1. The culprit was me. As lazy as I am, I have used f-strings all over the
place in calls to `logging.logger.debug()` and friends, evaluating all
arguments regardless of whether the logger was enabled or not. Replacing
these f-strings by regular printf-like format strings solved the issue.
Now the application bowls happily along, consistently below 0.02 seconds
per second application time.
2. Valgrind + callgrind is an awesome toolchain to spot performance issues,
even on VMs.


Am Di., 4. Okt. 2022 um 11:05 Uhr schrieb Andreas Ames <
andreas.0815.qwertz@gmail.com>:

> Hi all,
>
> I am wrapping an embedded application (, which does not use any dynamic
> memory management,) using Cython to call it from CPython.

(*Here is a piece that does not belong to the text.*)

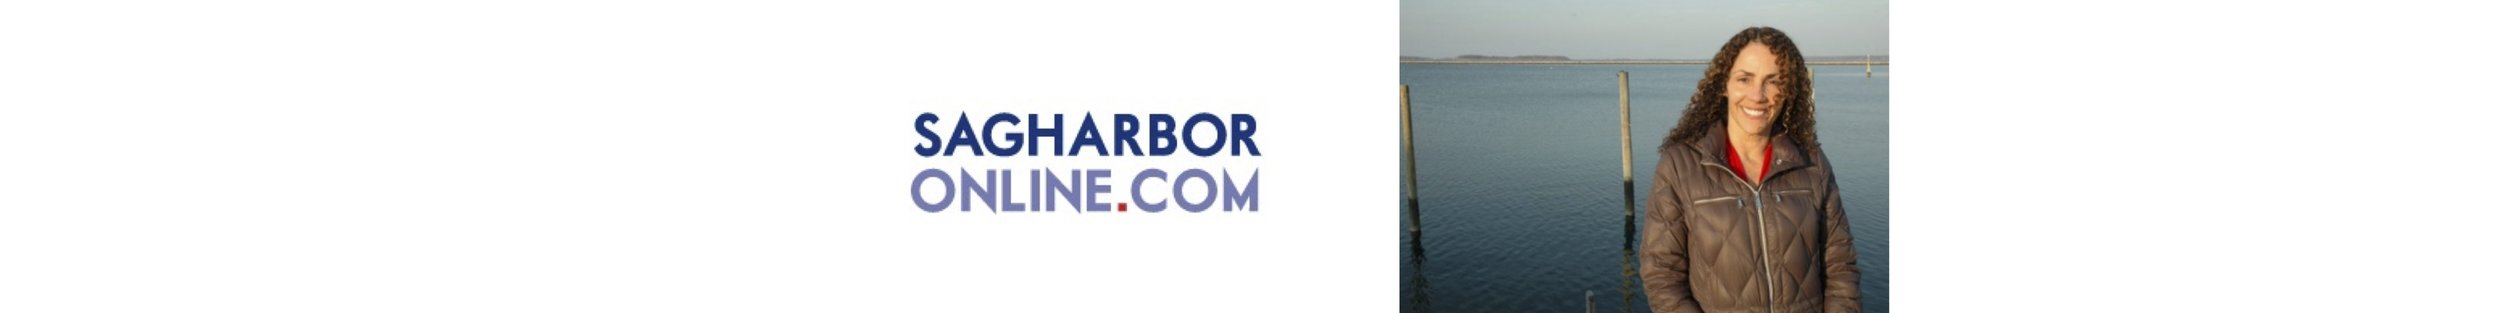 SAG HARBOR EXPRESS 01.2018.jpg

The wrapped
> application uses a cyclic executive, i.e. everything is done in the
> input-logic-output design, typical for some real-time related domains.
> Consequentially, every application cycle executes more or less the very
> same code. As I am still in a prototyping stadium, the wrapped process is
> completely CPU-bound, i.e. except of some logging output there is no I/O
> whatsoever.
>
> During one second of "application time", I am doing exactly 120 calls into
> the application through three Cython-wrapped API functions. The
> application uses some platform-dependent APIs, which I have also wrapped
> with Cython, so that there are numerous callbacks into the Python realm per
> call into the application. What I am observing now, is that the performance
> per "application second" decreases (remember: executing code that does the
> same thing on every cycle) and extending the number of loop iterations does
> not seem to cause any bound to this decrease. In the log ouput below, you
> can see the GC counts, which look innocent to me. The "real time" is
> measured using "time.time()". The "top" utility does not suggest any memory
> leak either. I am developing on WSL2, but I have checked that this
> performance effect also happens on physical machines. Right now, I am
> staring at "kcachegrind", but I have no idea, how to determine time series
> for the performance of functions (I am not looking for those functions,
> which need the most time, but for those, which consume more and more
> execution time).
>
> One more thing to look for could be memory fragmentation, but before that
> I would like to ask the experts here for their ideas and experiences and/or
> for tools, which could help to find the culprit.
>
> 2022-10-04 10:40:50|INFO |__main__ |Execution loop 0 done. GC
>> counts = (381, 9, 3); 1 second of application time corresponds to
>> 0.06862711906433105 seconds real time.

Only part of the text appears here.